Я перевел дыхание. Катя мне нравилась, и наши отношения, особенно после того, как она перебралась к матери, становились все более странными. Ничего предосудительного, конечно, — но когда ты каждый день видишь эту Катю в домашнем халате и плюшевых туфлях, сталкиваешься по утрам в ванной, когда она просит застегнуть лифчик или отвернуться, потому что надо подтянуть чулки, — что-то происходило само собой.
Мы говорили об этом с Верой. “Катя слишком большой для нас обоих ребенок, — сказала она. — Я думаю, Борис. Мне сорок, но я не допущу, чтобы через три-четыре года вы у меня на глазах занимались любовью. Похоже, я скоро повыбрасываю все презервативы к чертовой матери...”

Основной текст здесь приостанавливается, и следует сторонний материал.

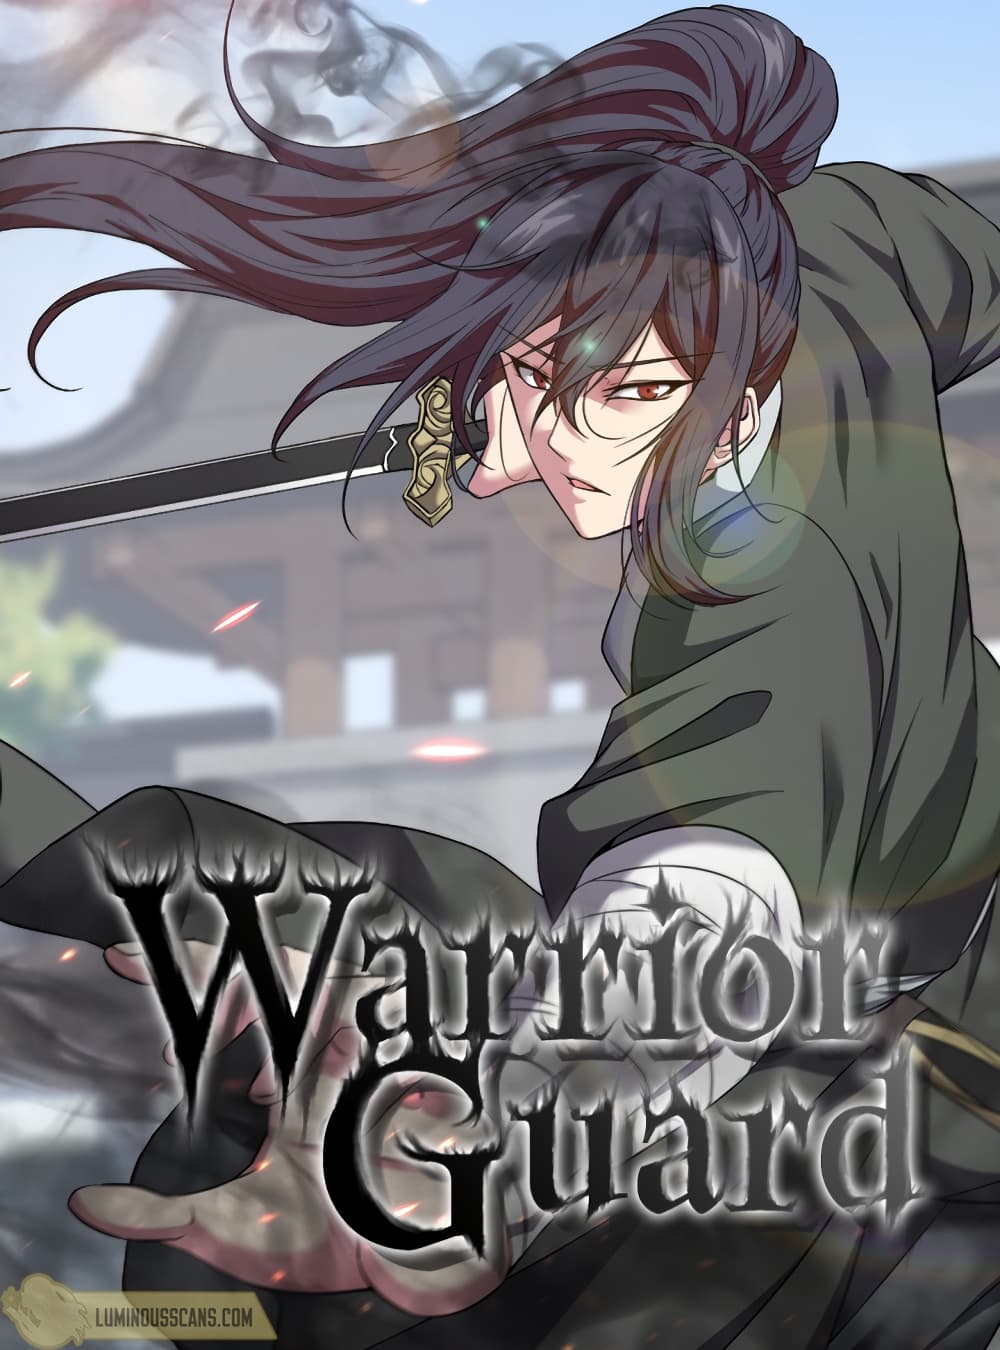 Warrior Guard 18-18

— Кёнигсберг. — Я прокашлялся и закурил, краем глаза отметив, что человек в красных штанах переместился левее и откровенно пялится на нас в свой бинокль. Его фигура была поделена чахлой березкой на склоне пополам. — Кёнигсберг — это сон, но гуще. Понимаешь? Сон наяву, но во сне... Не могу подобрать слов... Это как догнать себя на улице и похлопать по плечу, и ты — то есть я — обернешься, но не узнаешь себя. Мы говорим: а вот при немцах было так-то и так-то, — хотя никто не знает, как было в действительности при немцах. Мечта. Почти реальность, потому что те же крыши, те же водопроводные краны, та же узкая европейская трамвайная колея... Некое пространство без земли и неба, но с реальными координатами: юг, запад, вчера, позавчера, Гельмгольц, Кант, Вальтер фон дер Фогельвейде... — Я перевернулся на бок, чтобы не выпускать из поля зрения мужчину в красных штанах, который повесил бинокль на шею и стал осторожно спускаться к березе. — Ты будешь смеяться, но мой Кёнигсберг — нечто среднее между непознанным и непознаваемым. Как женщина. Ведь она на самом деле не пара мужчине, а некая первая или вторая фигура на пути к идеальному существу, которое — исходя из характера любви — может стать что женщиной, что мужчиной...
— Идеальной? Ой!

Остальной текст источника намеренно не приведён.